[PATCH 0/7] um: skas: harden the seccomp userspace stub
Benjamin Berg
benjamin at sipsolutions.net
Sat Jun 27 09:21:41 PDT 2026
Hi,
On Wed, 2026-06-24 at 16:12 -0700, Cong Wang wrote:
> On Wed, Jun 24, 2026 at 12:54 AM Benjamin Berg
> <benjamin at sipsolutions.net> wrote:
> >
> > On Tue, 2026-06-23 at 15:08 -0700, Cong Wang wrote:
> > > On Mon, Jun 22, 2026 at 5:08 AM Benjamin Berg <benjamin at sipsolutions.net> wrote:
> > > >
> > > > On Fri, 2026-06-19 at 20:22 -0700, Cong Wang wrote:
> > > > > From: Cong Wang <cwang at multikernel.io>
> > > > >
> > > > > In the seccomp ("SECCOMP") userspace mode, each guest userspace process
> > > > > runs in a stub under a seccomp filter and traps to the monitor (the UML
> > > > > kernel) on every syscall. Two items on the stub.c "Known security issues"

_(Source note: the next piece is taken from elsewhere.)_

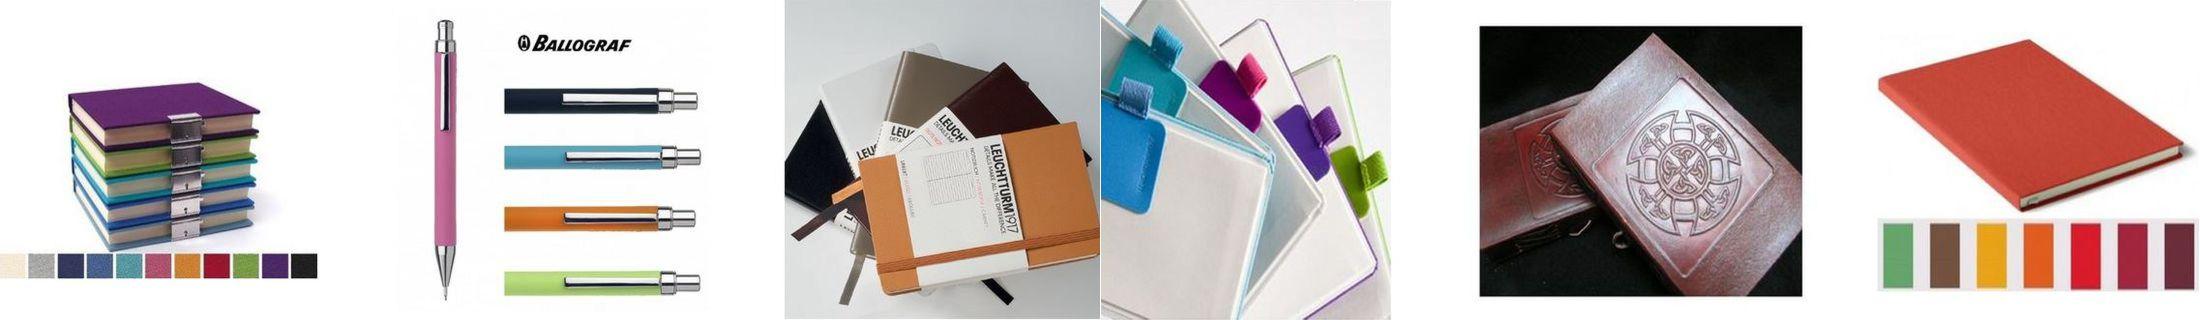 Dagboeken notitieboeken schrijfgerei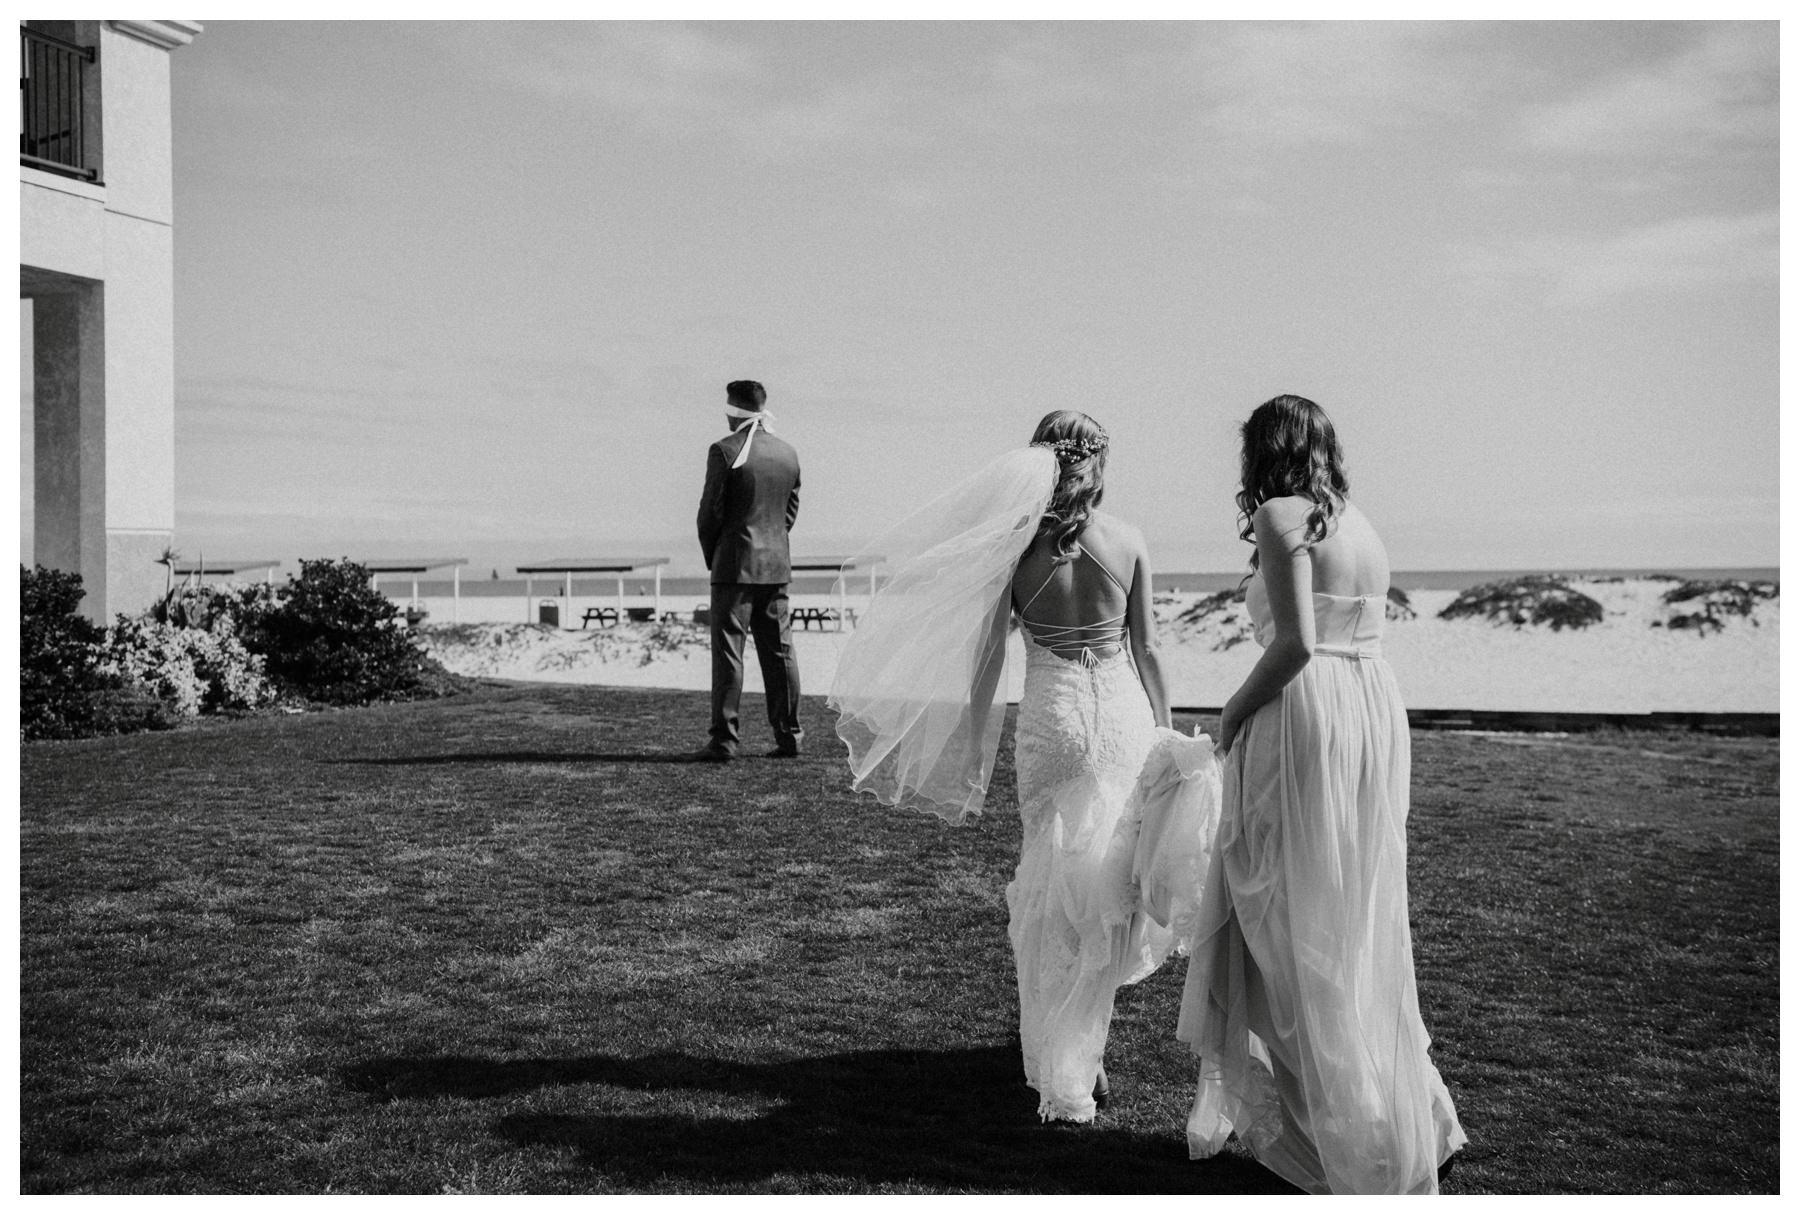 Coronado_Beach_Wedding_Singler_Photography_0015.jpg

> > > > > list could not be addressed by the filter alone:
> > > > >
> > > > > - a hijacked stub could mmap() arbitrary physmem offsets, which is an
> > > > > intra-guest disclosure and, on this base (single physmem fd, no
> > > > > kernel/user split), a host escape; and
> > > > >
> > > > > - a hijacked stub could block SIGALRM via a crafted rt_sigreturn to
> > > > > evade preemption and wedge the monitor indefinitely.
> > > > >
> > > > > This series closes both:
> > > > >
> > > > > 1-2: route the stub's mmap() through a SECCOMP_RET_USER_NOTIF listener
> > > > > owned by the monitor (no behavioural change yet).
> > > > > 3-4: validate each mmap() against the mm's page table -- allowed iff the
> > > > > PTE already maps the requested frame with no more access than it
> > > > > grants -- including out-of-batch mmaps a hijacked stub issues on
> > > > > its own.
> > > > > 5: route and validate munmap() the same way (range-confined below
> > > > > STUB_START).
> > > >
> > > >
> > > > That approach seems odd to me. Adding an explicit out-of-band check
> > > > means you require two extra context switches per mmap syscall. I would
> > > > expect that this makes the SECCOMP approach a lot slower than ptrace().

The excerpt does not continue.